Barros Luisa Leite, Leite Gabriela, Morales Walter, Barlow Gillian M, de Azevedo Matheus Freitas Cardoso, de Sousa Carlos Alexandre, Damião Adérson Omar Mourão Cintra, Pimentel Mark, Farias Alberto Queiroz
Department of Gastroenterology, University of Sao Paulo School of Medicine, Av. Dr. Eneas C Aguiar 255, Sao Paulo-SP, 9117, Brazil.
Medically Associated Science and Technology (MAST) Program, Cedars-Sinai Medical Center, Los Angeles, CA, USA.
BMC Gastroenterol. 2024 Dec 3;24(1):448. doi: 10.1186/s12876-024-03509-z.
Despite adequate treatment, a subgroup of patients with inflammatory bowel disease (IBD), including Crohn`s disease and ulcerative colitis, have persistent gastrointestinal symptoms that are not always related to mucosal damage. Recently, two autoantibodies, anti-CdtB and anti-vinculin, were validated as post-infectious IBS (PI-IBS) markers, however there is limited evidence of its diagnostic role in IBD population.
Patients with more than 3 bowel movements/day and indication of colonoscopy were enrolled. Samples were collected at the time of colonoscopy for assessment of serum levels of anti-CdtB and anti-vinculin antibodies.
A total of 160 subjects were included in 4 groups: active IBD (n = 44); quiescent IBD and chronic diarrhea IBD-IBS (n = 25); predominant-diarrhea IBS (n = 45) and controls (n = 46). The mean value of the optical density for anti-CdtB was 1.2 ± 0.65 in group 1, 1.27 ± 0.64 in group 2, 1.49 ± 0.47 in the group 3 and 1.6 ± 0.68 in group 4, p = 0.012. For anti-vinculin, optical densities were: 1.34 ± 0.78 in group 1, 1.46 ± 0.92 in group 2, 1.31 ± 0.79 in group 3 and 1.41 ± 0.86 for controls (p = 0.875). Using a cut-off of 1.56 for anti-CdtB, the positivity between groups was n = 10 (22.7%) in group 1, n = 9 (34.6%) in group 2, 19 (43.2%) in group 3, 21 (45.7%) in group 4 (p = 0.106). The positivity of anti-vinculin using a cut-off of 1.6 was n = 18 (40.9%) in group 1, n = 11 (42.3%), n = 15 (34.1%), n = 22 (47.8%) (p = 0.622).

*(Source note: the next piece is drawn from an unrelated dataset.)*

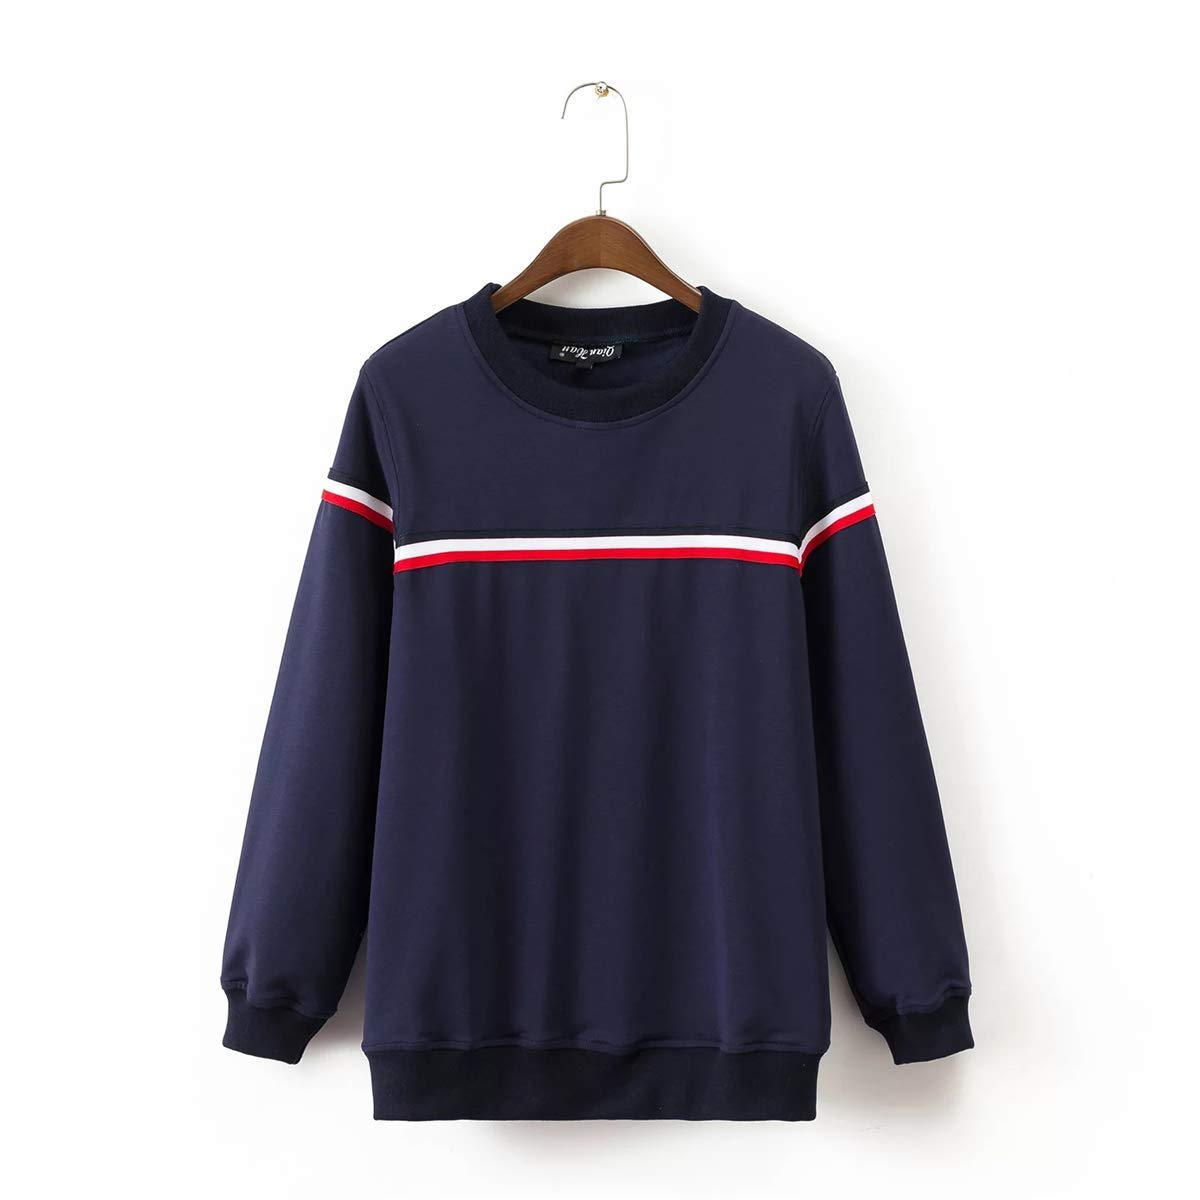 Bleu Marine X-petit FCYOSO - Sweat-Shirt - Fille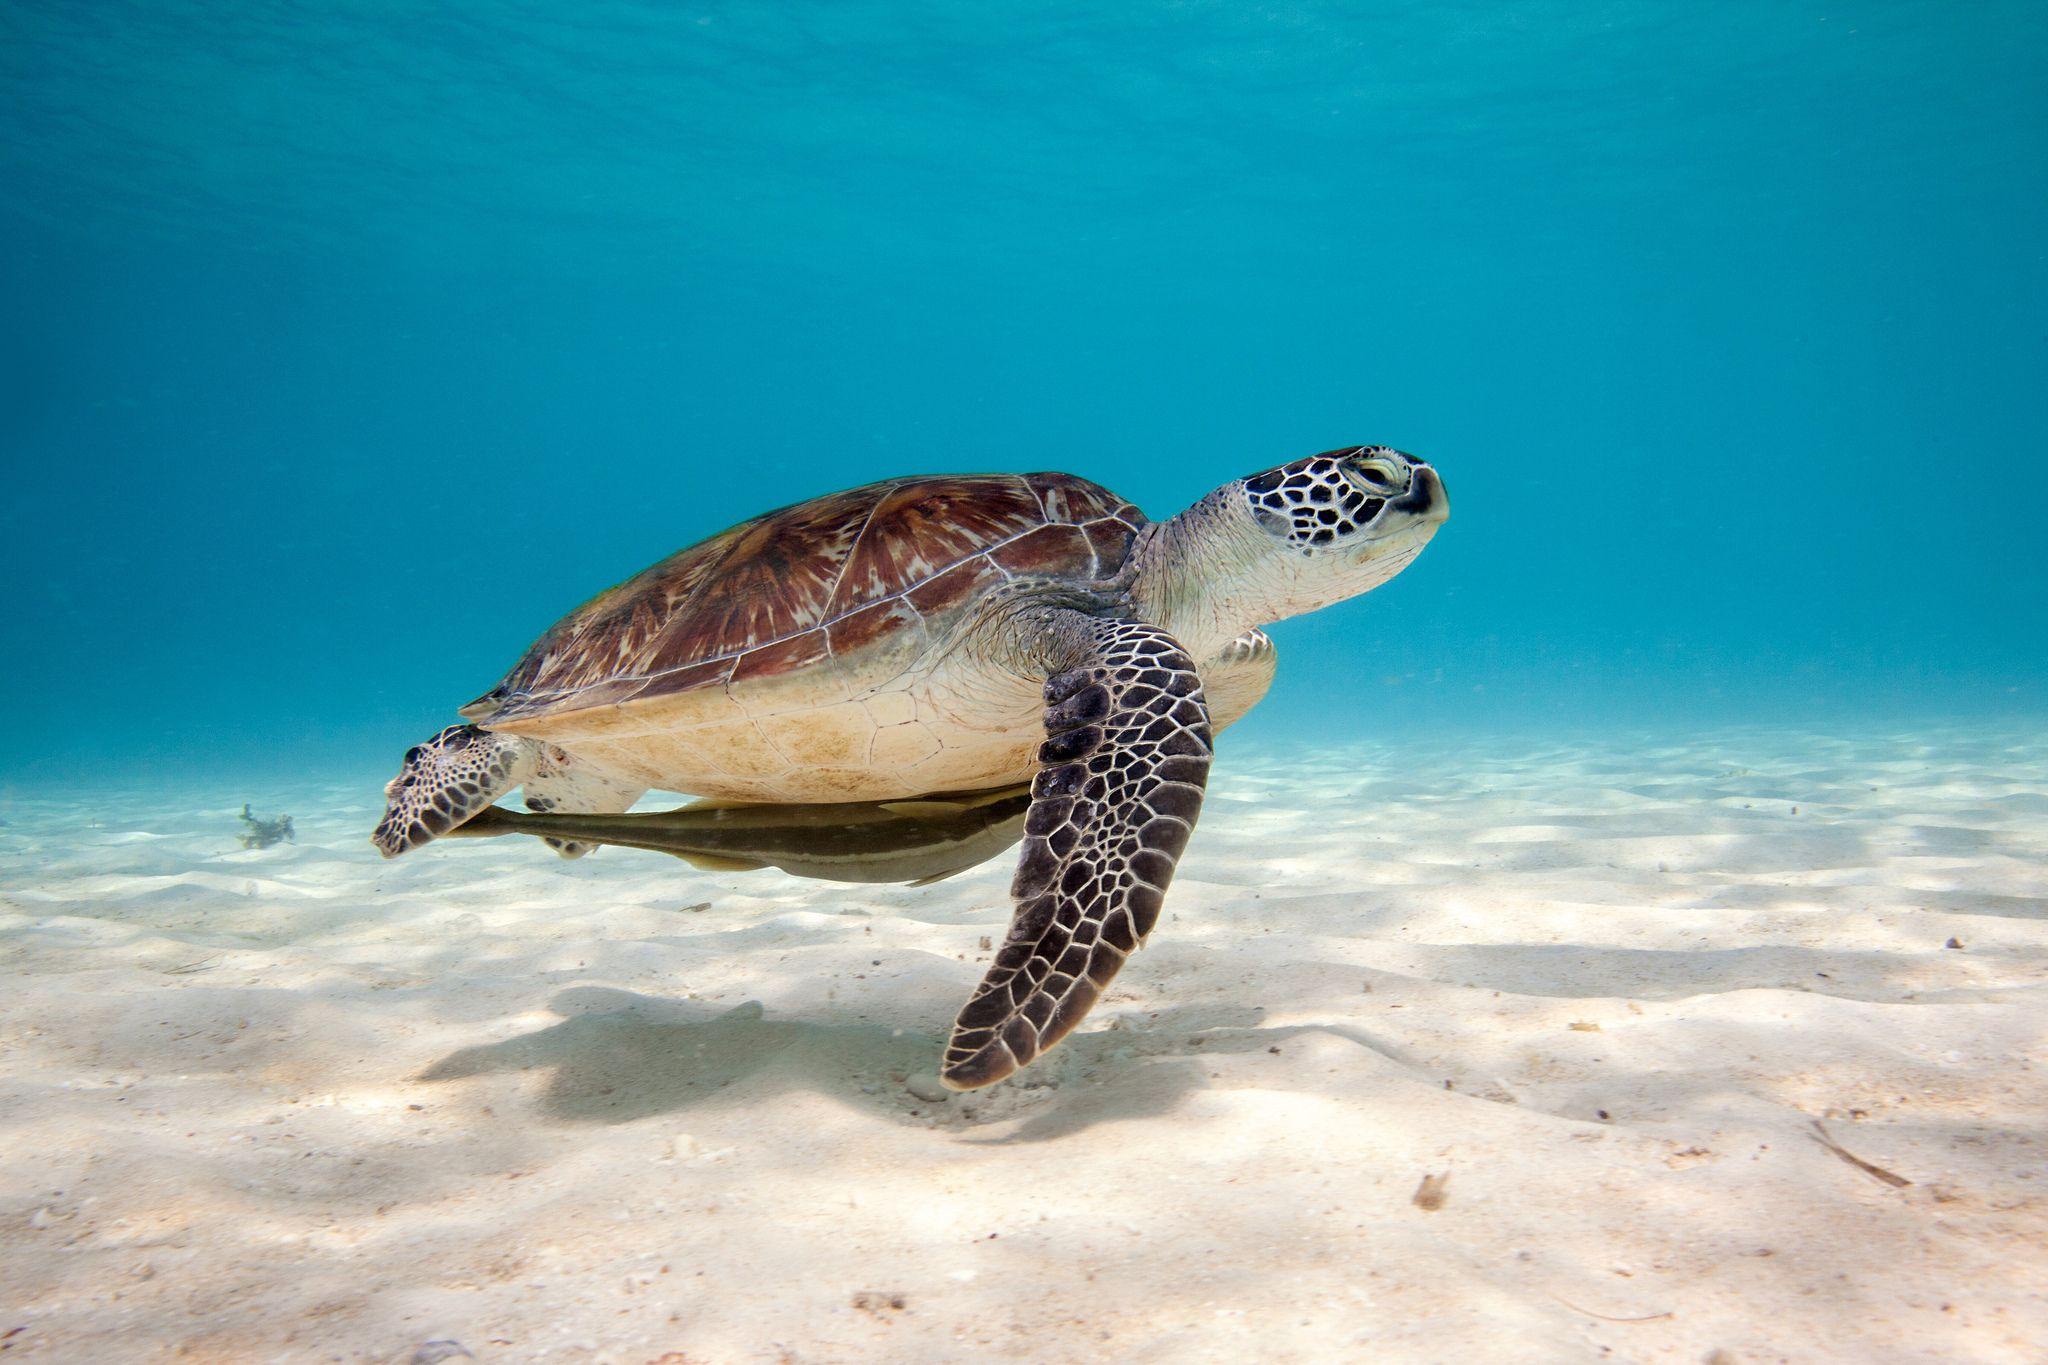 Download Turtle Sea Water Sand Bottom Shell Wallpaper Picsinhd Turtle Wallpaper Sea Turtle Wallpaper Sea Turtle

Our findings show that anti-CdtB and anti-vinculin could not identify IBD-IBS patients or discriminate IBS-D from healthy controls.
尽管接受了充分治疗,但包括克罗恩病和溃疡性结肠炎在内的一部分炎症性肠病(IBD)患者仍有持续的胃肠道症状,这些症状并不总是与黏膜损伤相关。最近,两种自身抗体,即抗CdtB和抗纽蛋白,被确认为感染后肠易激综合征(PI-IBS)的标志物,然而,其在IBD人群中的诊断作用证据有限。
纳入每日排便超过3次且有结肠镜检查指征的患者。在结肠镜检查时采集样本,以评估血清中抗CdtB和抗纽蛋白抗体水平。
共160名受试者被纳入4组:活动期IBD(n = 44);静止期IBD和慢性腹泻型IBD-IBS(n = 25);以腹泻为主的肠易激综合征(n = 45)和对照组(n = 46)。抗CdtB的光密度平均值在第1组为1.2±0.65,第2组为1.27±0.64,第3组为1.49±0.47,第4组为1.6±0.68,p = 0.012。抗纽蛋白的光密度分别为:第1组1.34±0.78,第2组1.46±0.92,第3组1.31±0.79,对照组1.41±0.86(p = 0.875)。以抗CdtB的临界值1.56计算,各组阳性率分别为:第1组n = 10(22.7%),第2组n = 9(34.6%),第3组19(43.2%),第4组21(45.7%)(p = 0.106)。以抗纽蛋白临界值1.6计算的阳性率分别为:第1组n = 18(40.9%),第2组n = 11(42.3%),第3组15(34.1%),第4组22(47.8%)(p = 0.622)。
我们的研究结果表明,抗CdtB和抗纽蛋白无法识别IBD-IBS患者,也无法区分腹泻型肠易激综合征与健康对照。